Я передвигался даже без ног, не из пренебрежения к гравитации, но из-за отвратительной, злой, вынужденной и необходимой зависимости. И все это грузом давило на меня, некая самореференциальная плотность, ведь находясь в комнате, я непременно становился объектом внимания, если не обсуждения. Я был как заряженное ружье, лежащее на столе перед толпой приговоренных. И во всех лицах видел опасение, что я в любую секунду выстрелю, подобно ружью, как бы ни выглядел этот выстрел. Так что я не оперировал такими критериями, как верное и неверное, истина и ложь, ясность и путаница. Побег – вот все, о чем я мог думать, сбежать бы от взглядов хоть на секунду-другую, немного побыть одному, чтобы с натужным лицом навалить в пеленки, выпустить газы так, чтобы никто не комментировал мою улыбку. Я вел внутренние беседы, никогда не разделяя себя надвое: мои мысли слышались мне, как флейтисту его мелодии, только мелодии были моей частью, неразрывно связанной со мной и никоим образом не отдельной, не отличной, не отдаленной. Мой язык, мое мышление – вот все, что у меня было, все, что могло быть, мое единственное спасение и развлечение и, наконец, моя пища. И все же я пускал слюни и, если убрать пеленку, нацеливал струю в потолок.
umstande
– Дуглас, почему ребенок такой тихий? Он ведь даже не плачет. – Ева нарвала космей и маков и теперь ставила их в вазу на столе у окна.
– Посчитай плюсы. Представь, что ребенок всю ночь вопил бы и не давал нам спать. – Дуглас положил книгу на колени, потянулся к кофейному столику и взял сигарету.
– Но ведь ни единого звука? Дуглас пожал плечами, закурил.
– Мама говорила, я в детстве была спокойной.
– Ну так что тебе еще нужно?
– Но не настолько же спокойной.
– Я уверен, все нормально, хотя можешь спросить педиатра, на всякий случай.
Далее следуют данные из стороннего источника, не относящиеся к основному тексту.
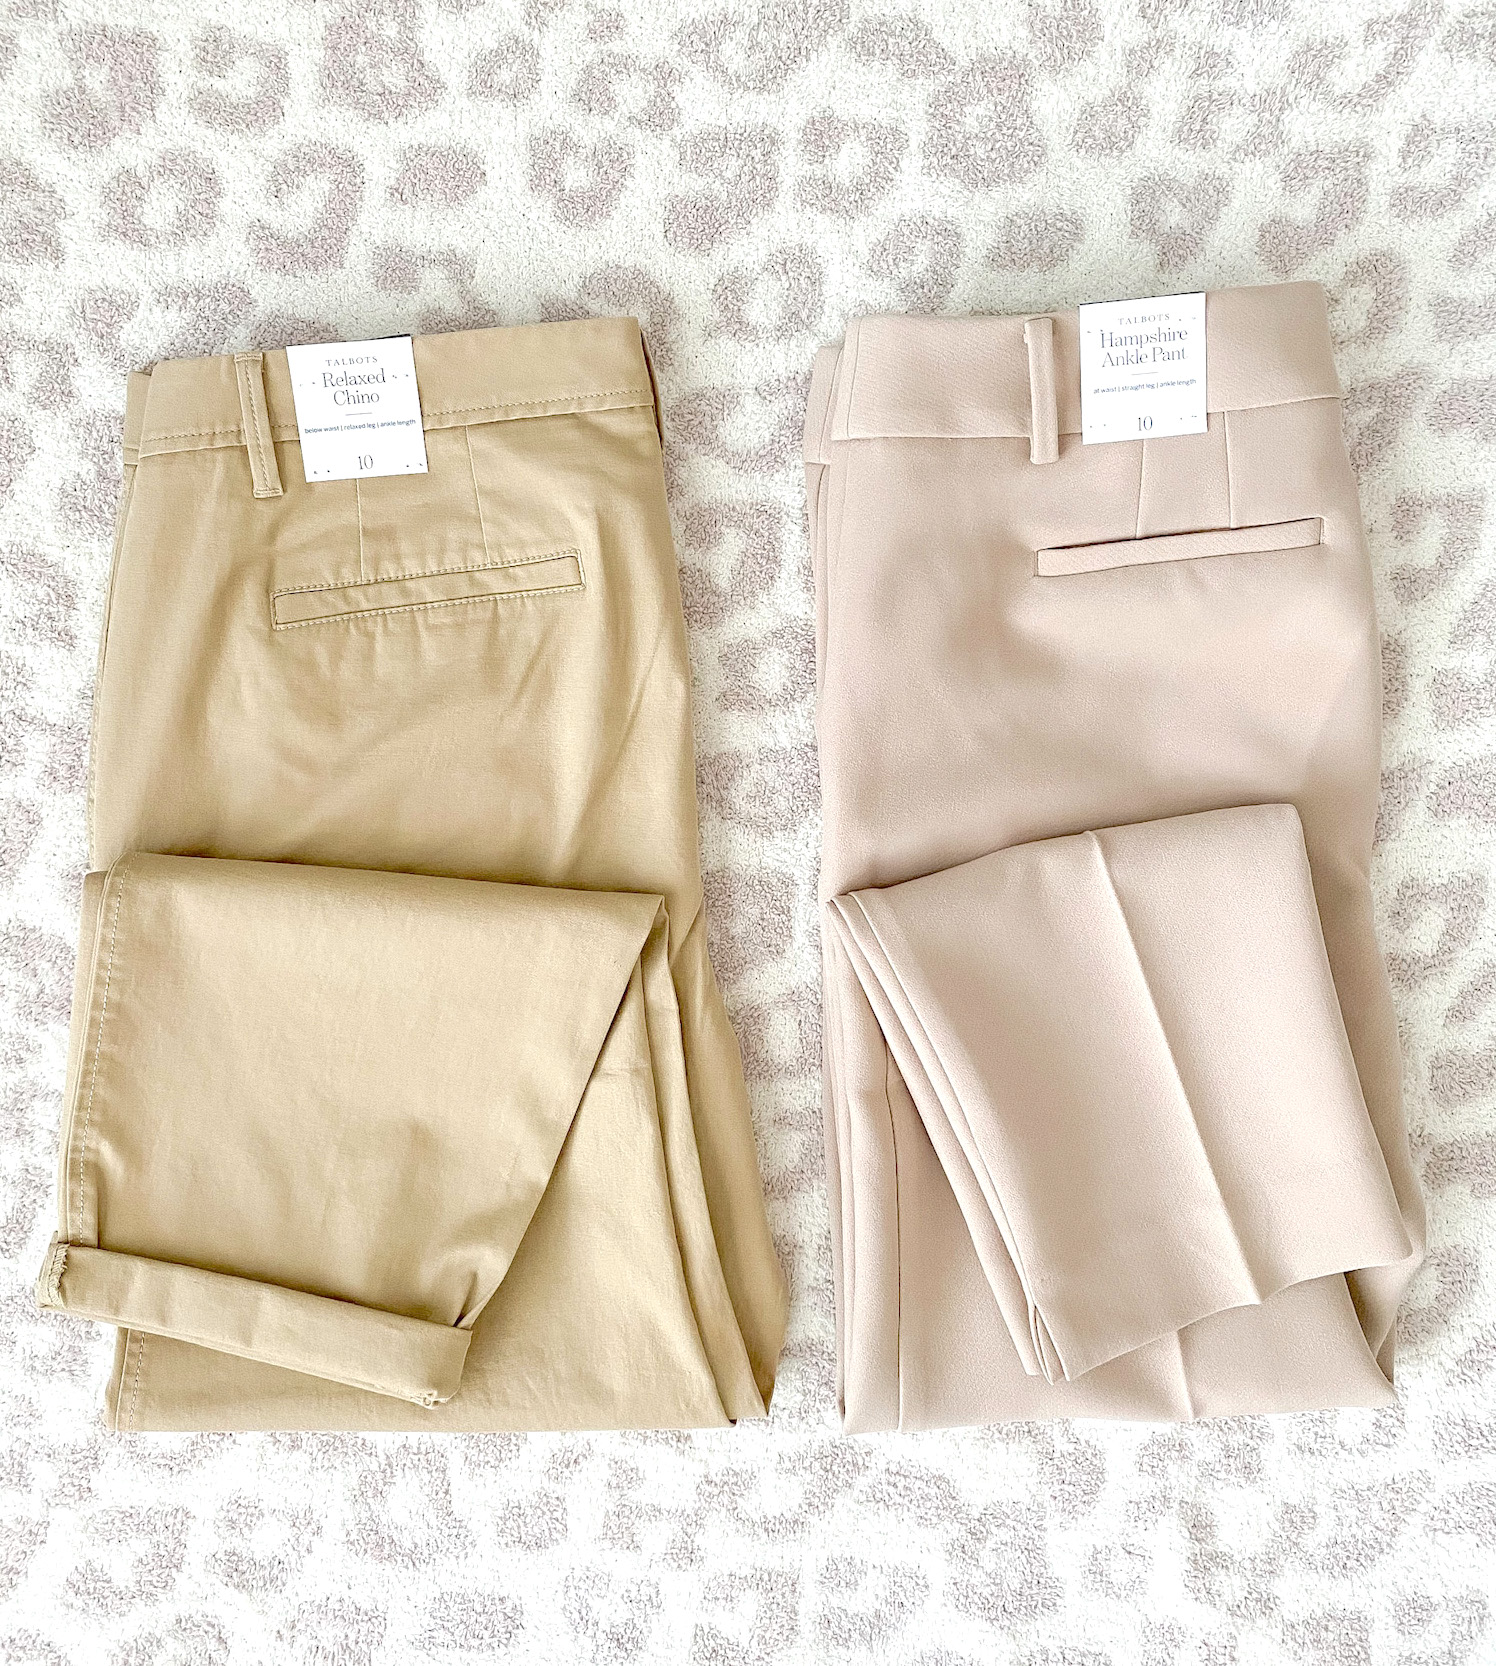 Try-On Reviews: Talbots Hampshire Pants & Relaxed Chinos - Classy Yet Trendy

– Я спрашивала. – Ева уселась на диван и выглянула в окно. – И по-моему, она не очень-то поверила. – Она посмотрела на мою колыбель, где я лежал в одеялах. – Ральф был со мной и, конечно, не издал ни звука, но первые пять минут это не кажется странным. Я ей сказала, что он никогда не плачет.
– А она?
– Она ответила: «Посчитайте плюсы».
– Ну так что тебе еще нужно?
(х)(Рх ? ~Дх)-(х)[(Рх amp;Пх) ?~Дх]
Машина пулей неслась сквозь ночь. Юный Ральф на заднем сиденье скромно оформленного седана разглядывал сцапавших его наемников. Громилы были не из банды: недостаточно хорошо одеты. Но и недостаточно плохо одеты для полицейских, хотя воняли. И у них хватило ума выключить фары на стоянке, значит, точно не полицейские, по крайней мере – не обычные полицейские. Может, федеральные агенты.
Когда водитель резко повернул на мокром шоссе, Ральфа вдавило в дверь.
– Оказалось – ничего сложного, – сказал человек на пассажирском.
– Как нефиг делать, – ответил водитель. – Слышь, там пончики внизу, дай один.
– А что за история-то с этим ребенком?
– Не знаю и знать не хочу. Мое дело – крутить баранку.
Пассажир обернулся назад:
– С виду – самый обычный.
– Но что-то в нем есть. – Водитель доел пончик и облизал пальцы. – Может, заглянем в тот данс-клуб, «Экзотика» или как там его, когда скинем груз?
– Можно. Я слышал, у них там шикарная пародистка на Дайану Росс.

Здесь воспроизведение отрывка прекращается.